La villa inmediata a Madrid arde en proyectos y preparativos para celebrar la fiesta de la Virgen de septiembre. Se anuncia quince días antes, con el revoque de casas y fachadas, señoras de edad y damas recompuestas cuya faz se unta de jalbegue hasta dejarlas, según expresión de sus restauradores, hechas unas palomitas blancas. También se rehabilitan y limpian de guijarros y pedruscos, los caminos tortuosos que conducen a la población: el que va desde la ermita donde la Virgen se venera a la parroquia, y la plazoleta donde ha de verificarse el baile popular, dedicado a los palurdos que aún no se atreven a llamarse señoritos.

Aunque el Ayuntamiento no tiene un cuarto, ni entiende jota del nuevo sistema decimal, porque aborrece las cuentas, y el común de vecinos se halla a la cuarta pregunta, no falta algún ricacho que eche un guante para el mejor lustre de la fiesta patronímica. Se ajusta una charanga compuesta de tambor, cornetín, bajo y requinto; tráese una carga de cohetes con bengala; se encarga un predicador que tenga buena voz; las pocas flores que hay en los huertos suben todas a la iglesia, con más un cesto de pámpanos y racimos de uvas moradas y gordas como nueces, que en la parra de su casa crió con este fin la alcaldesa, y todo hace esperar, según pública fama, que el pueblo de Morondanga excederá en lujo y ostentación a sus convecinos. Ya que la aldehuela que hay una legua más allá, se da importancia con su San Roque, no es cosa de que quede mal esta con Nuestra Señora. Las hijas del juez de paz son sus camareras y arreglan el manto de tisú, ofrenda que el siglo pasado hizo una marquesa, que casualmente pasó por allí; cuelgan a la imagen cuantos dijes y adornos hallan a mano; se renuevan cintas y ramos de artificio, y hay verdadera emulación entre las señoras de la villa, que han celebrado varias juntas, para acordar lo que cada cual debe de hacer.

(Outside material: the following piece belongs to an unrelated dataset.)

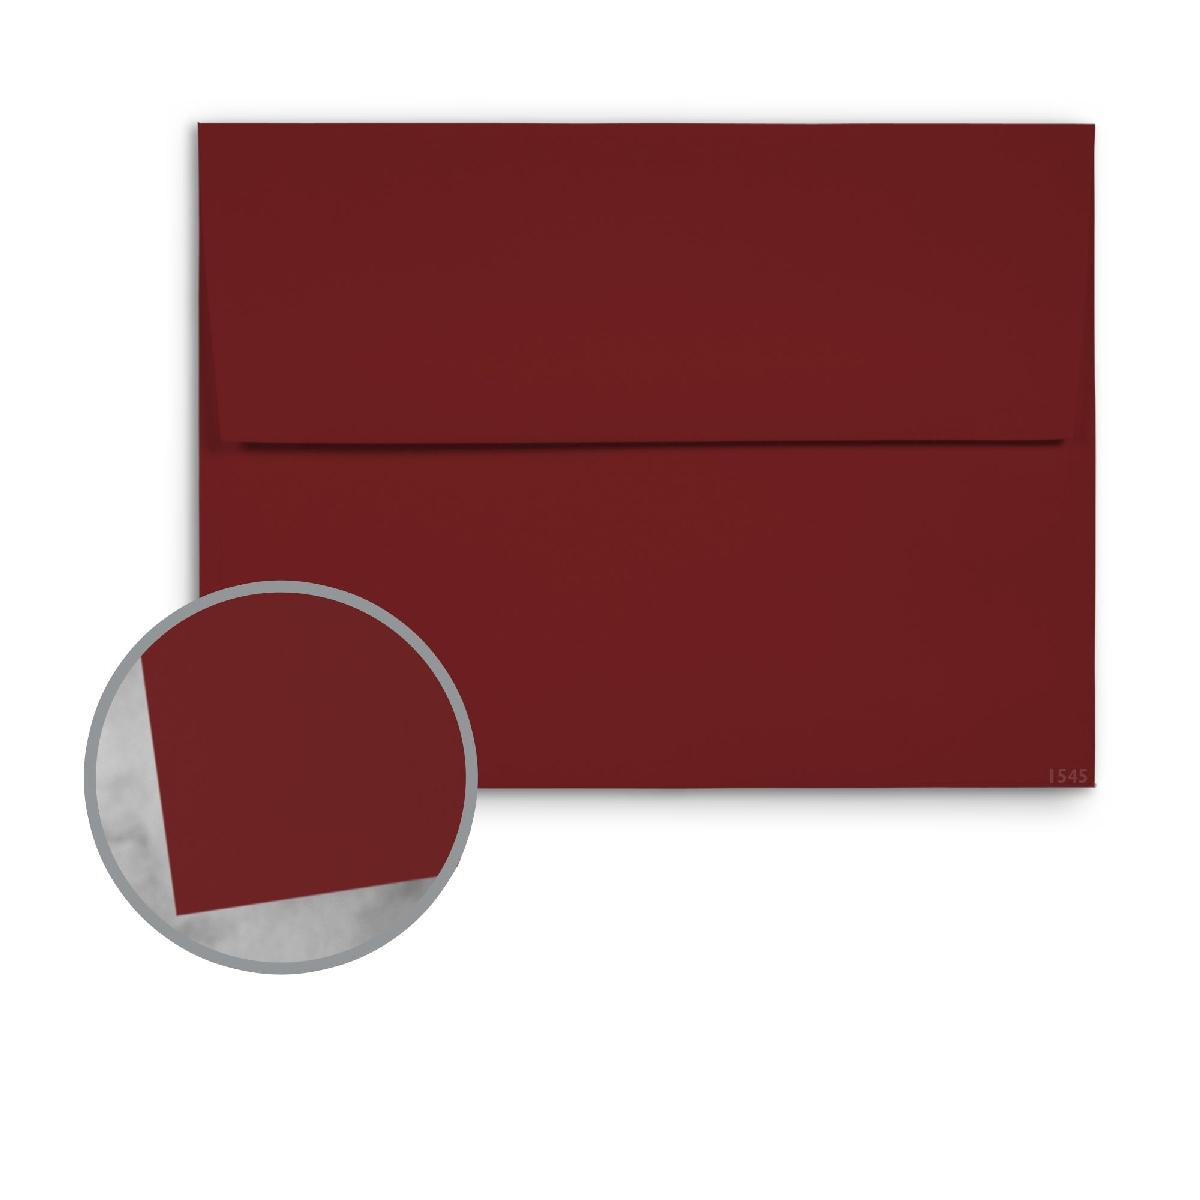 Neenah Paper® Classic Linen Cranberry Ice Linen 80 lb. A-7 5.25 x 7.25 in. Announcement Envelopes 250 per Box
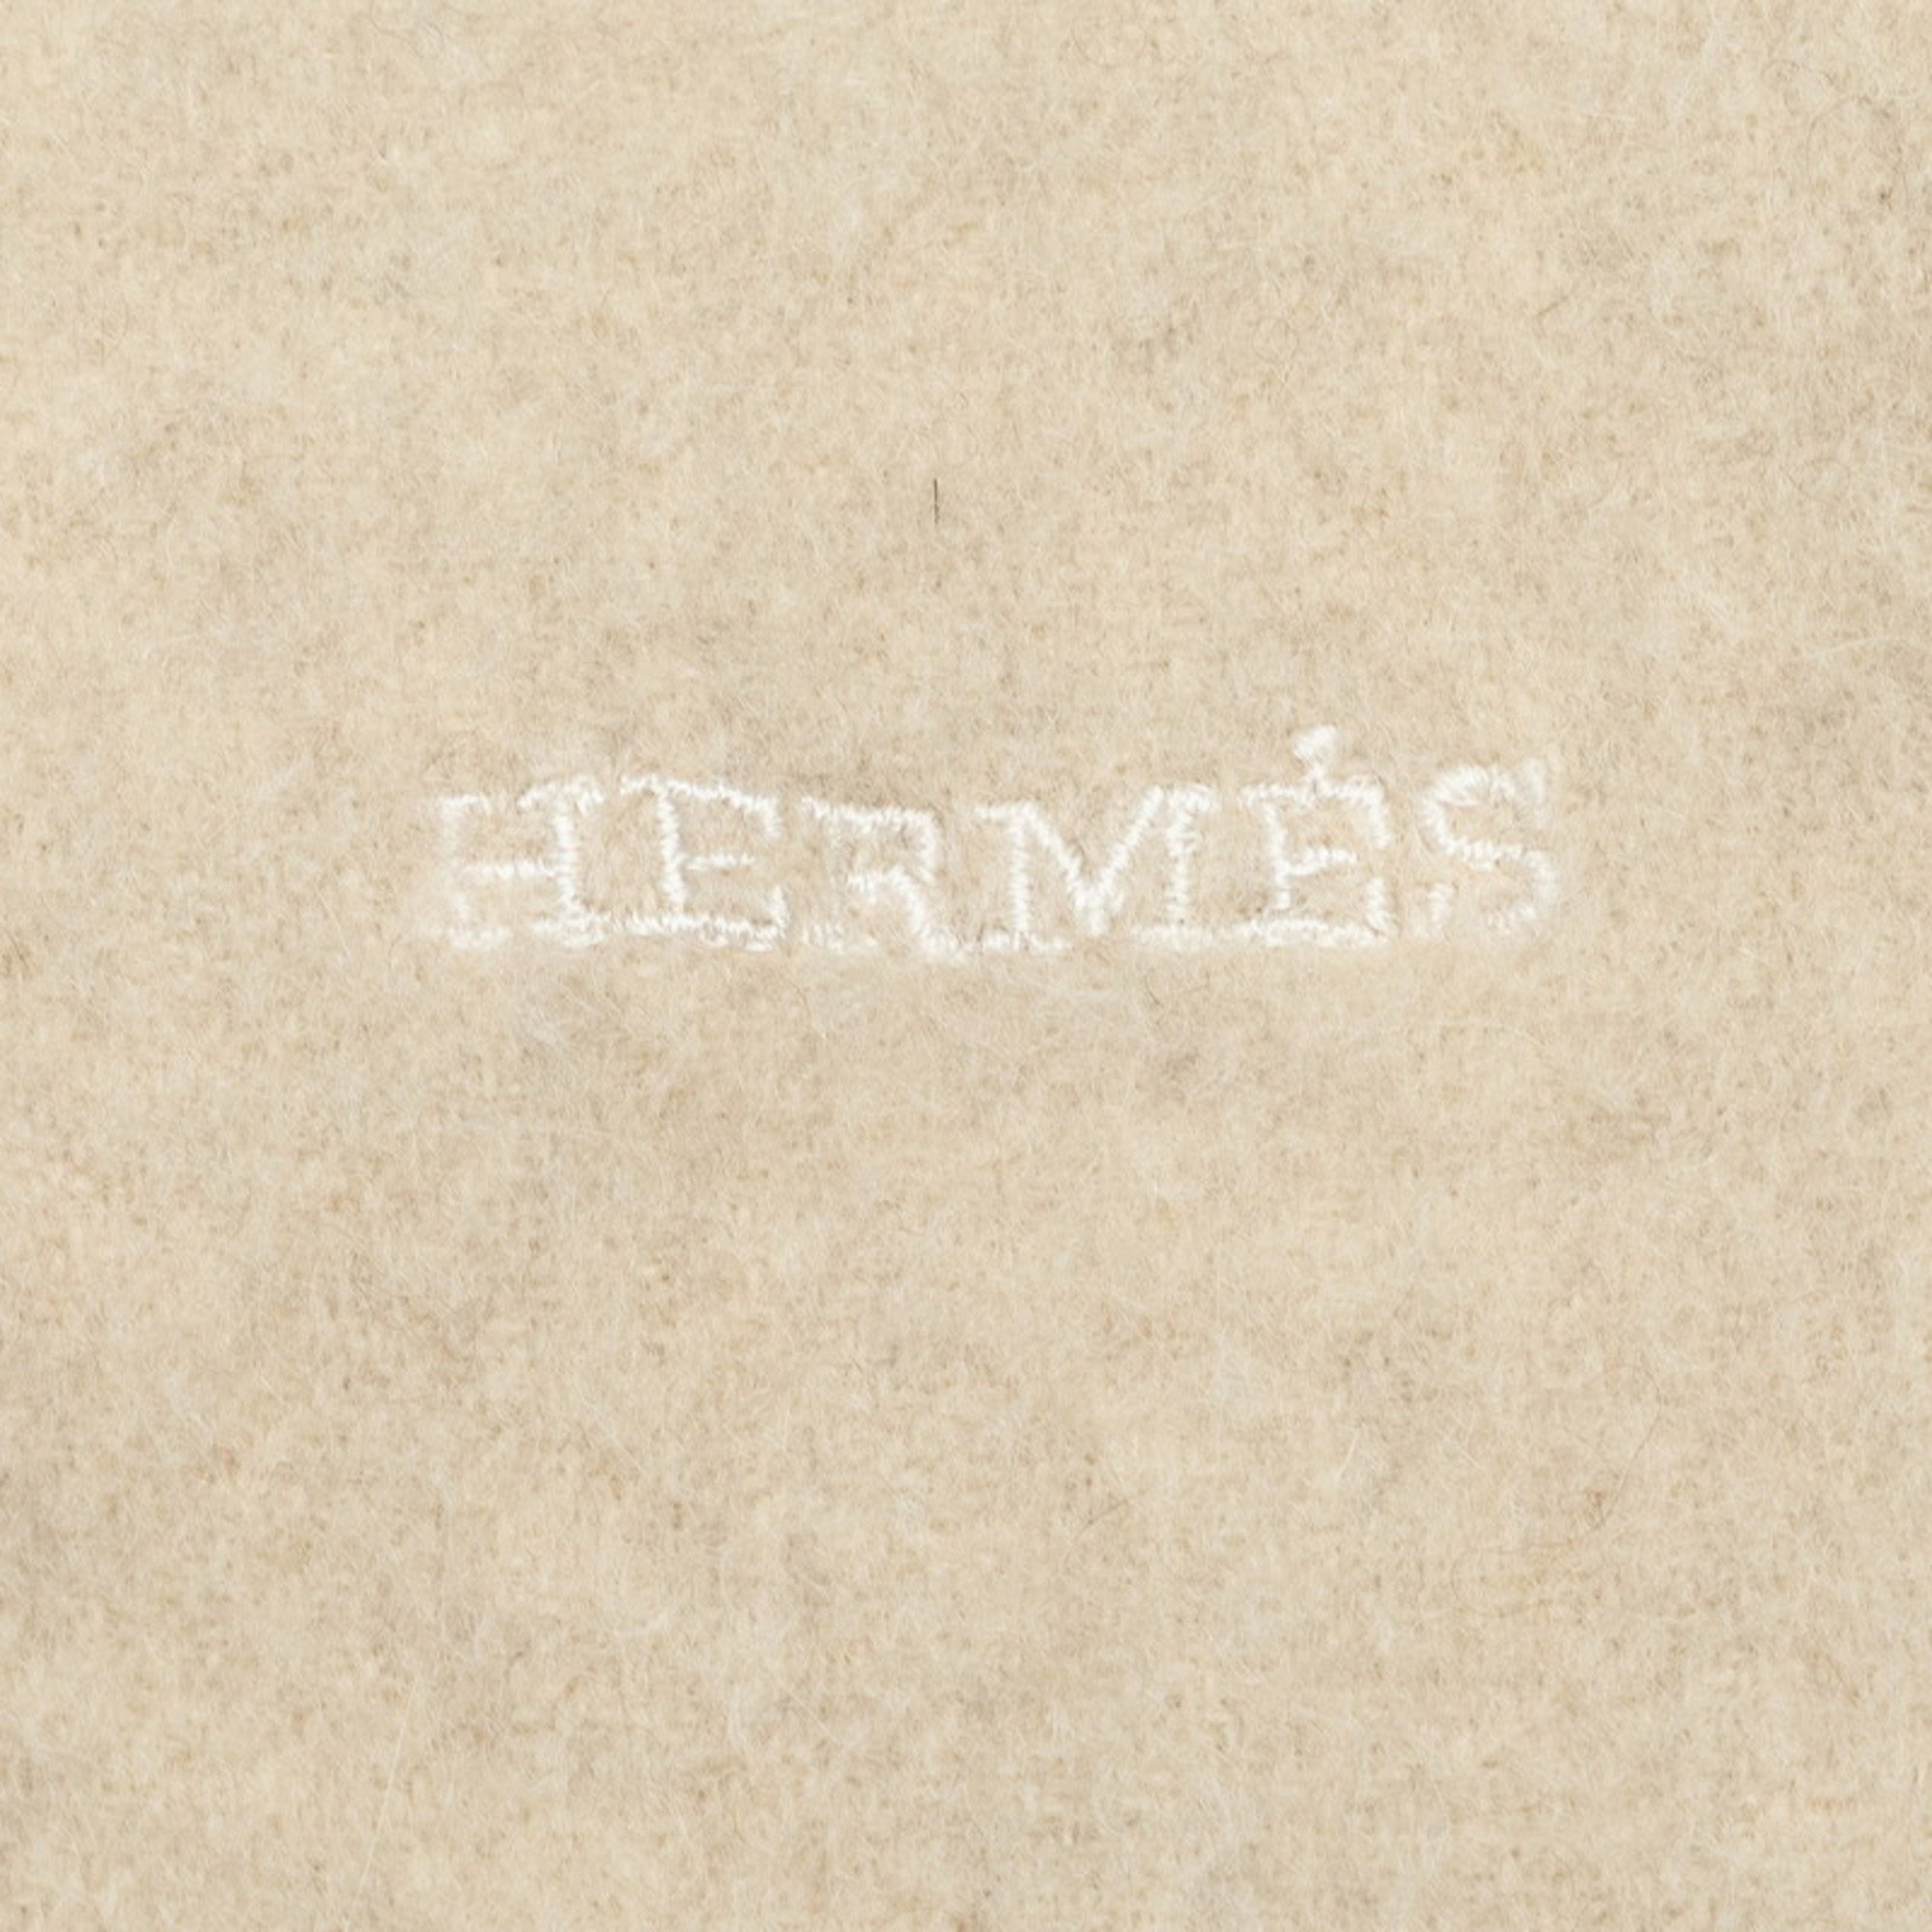 Hermes Large Scarf Ivory Beige Cashmere Women's HERMES

Solo con tal motivo podrían verse reunidas las capacidades femeninas del pueblo, cuyas divisiones y enemistades traen cola, por datar de larga fecha. Solo a la mayor honra de Dios se las ve buscarse y dirigirse la palabra. Las camareras son objeto de envidia, porque si bien de antiguo fue costumbre que en este cargo turnen las damas, ellas no sueltan el monopolio, según dicen sus antagonistas, para llevarse siempre la palma, a pesar de no ser naturales de la villa y de no merecer por tanto el título de morondangueñas. En la junta de señoras protectoras, como ellas se llaman, hay dos bandos capitaneados por la sacristana y la maestra, entre los que se suscitan de continuo piques y dificultades. Cuando uno dice blanco, el otro dice negro; la intransigencia domina en sus deliberaciones y por cualquier quítame allá esas pajas, las susceptibilidades sacan la cabeza, y las lenguas se convierten en puntas de alfiler. Abrir la boca doña Sira, la sacristana, y echar la zarpa doña Dámasa, la maestra, es todo uno. Sus diálogos rebosan sal y pimienta:

—Hay que hacer los imposibles por que no nos echen la pata los de la aldehuela —dice la sacristana—. Ellos bordarán una enagüilla a su Cristo, y nosotras debíamos haber bordado un manto nuevo a nuestra Patrona; ¡pero como aquí no hay quien sepa bordar!

Doña Dámasa, la maestra, que se cree siempre aludida, contesta:

—Sí hay quien sepa bordar, que para esto tengo yo mi colegio de señoritas, así como mi esposo tiene el de niños… lo que no hay es quien sepa gastarlo. Con barro a mano se pueden hacer primores, ¡pero como aquí no hay más cera que la que arde…!

—Eso de la cera, no sé si viene a cuento —replica escocida la sacristana—. Ya sabemos que somos pobres, pero el que más y el que menos, sabe cantar la cartilla…

—Lo de la cartilla —repone atufada la maestra— irá con los que están siempre peristán, exponiéndose a que les digan que los dineros del sacristán, cantando se vienen y cantando se van.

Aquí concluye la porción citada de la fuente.